The magician travels by boat downstream to the ruins of a temple. Within a succession of dreams, little by little he creates a living being and teaches his dream-child “the arcana of the universe and of the fire cult,” in order to prepare him for his priestly role “in a temple further downstream.” The magician believes that his son would “not exist if [he] did not go to him” in his dreams. Sometimes the magician is troubled by feelings of déjà vu, as if “all this had happened before.” But he forges ahead fashioning his dream-son, who is finally ready to be born.
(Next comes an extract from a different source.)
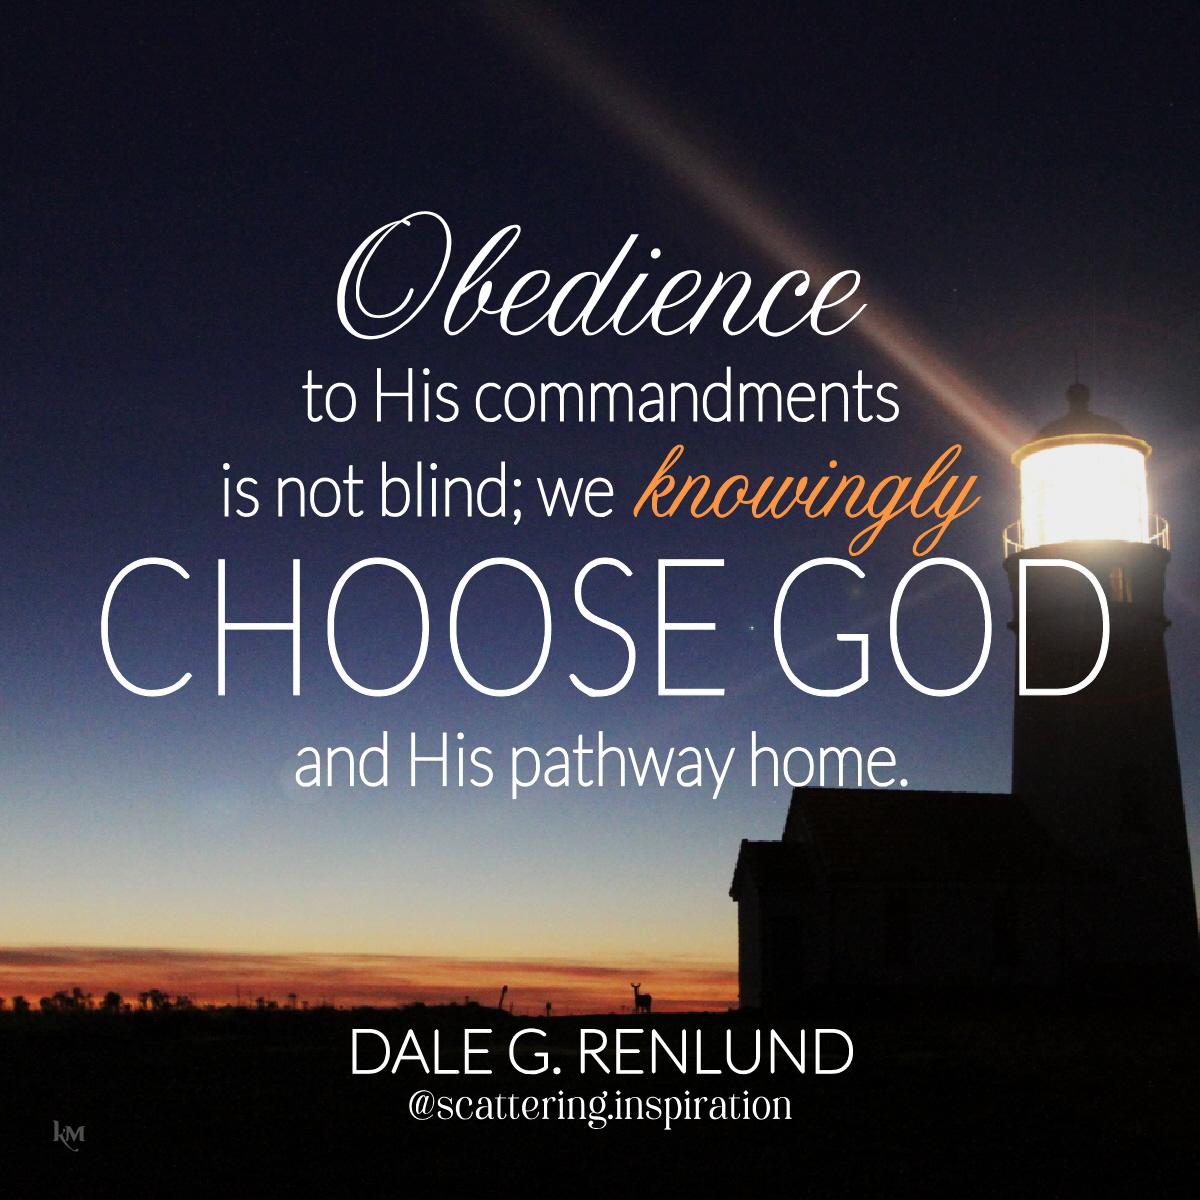 we knowingly choose God
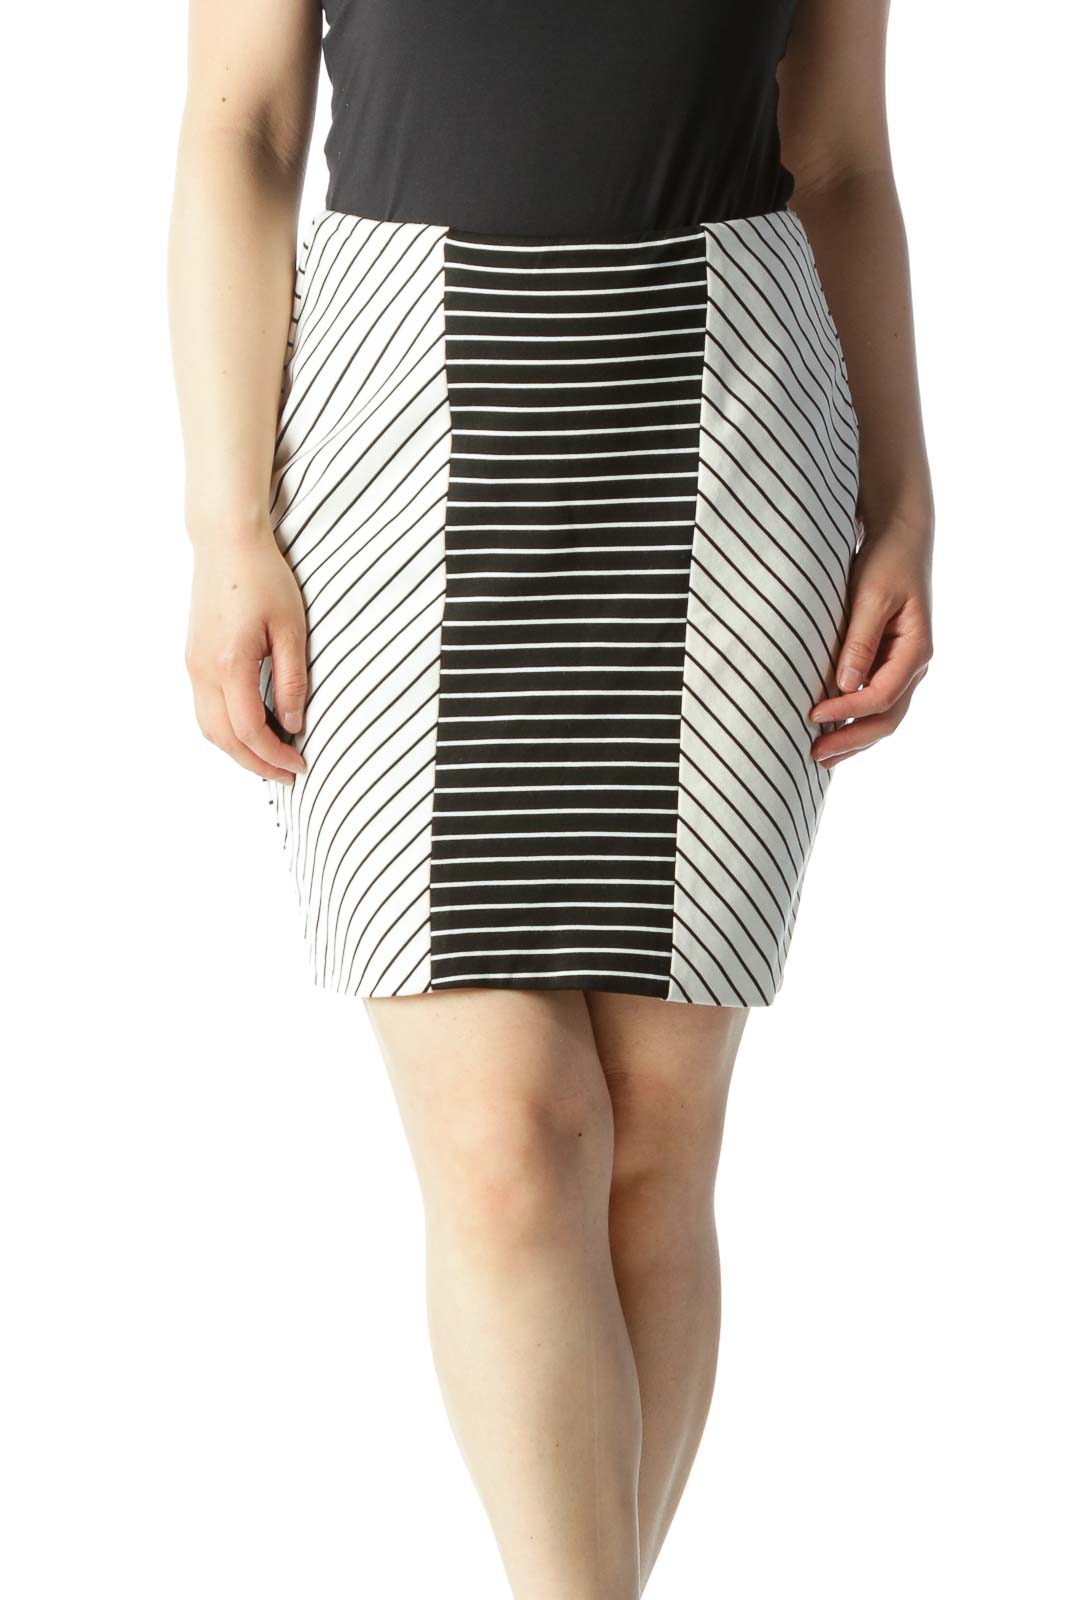 Black & White Striped Color-Blocked Knit Skirt Front

His newly-minted priest travels to the temple downstream to practice rituals “and give glory to the god.” Only fire and the magician will know of his existence as an illusion and not flesh and bone.
          Later, the magician hears that his dreamed “magic man . . . could walk upon fire and not be burned.” He fears that his son will thus realize that he is “a mere image” and will feel the “humiliation” of being only “the projection of another man’s dream.” The aging magician prepares himself for death as fire mysteriously arrives to engulf him, but he is startled to find that like his dream-son, he too is unharmed by the flames. In an epiphany he understands that his déjà vu experience was actually a glimpse into the cycle of creation, in which he was not only creator to his dream-son, but also himself “a mere appearance, dreamt by another.”13
          In outward form, Borges’ six-page short story could not be more different from Zend’s two-volume, 237-page graphic poem with its scores of concrete poems, photographs, and drawings. Borges’ story has the quality of a myth whose rather ornate descriptive language is akin to magic realism. By contrast, Zend’s language in Oāb is plain and conversational. Oliver Botar, a Canadian art historian who has translated some of Zend’s poetry into English, observes that Zend’s poetry is “written with an almost sparse economy” and “directness of language,”14 chracteristics that lend themselves well to paradoxes and twists of logic. In Oāb, this rather porous linguistic quality is appropriate to the multi-dimensional story whose theme of creation plays out on biblical, generational, and authorial levels. The playful and childlike dialogue between the creators and their naive beings gradually transforms into language reflecting deeper levels of experience and the painful knowledge of their own diminished role in the cycle of creation — while still retaining the work’s hallmark simplicity of language.           Despite the differences between the narratives of Borges and Zend, both spring from similar concerns with illusion and reality, dreams within dreams, and beings who create other beings only to learn that they in turn are being fashioned by a being in a higher dimension.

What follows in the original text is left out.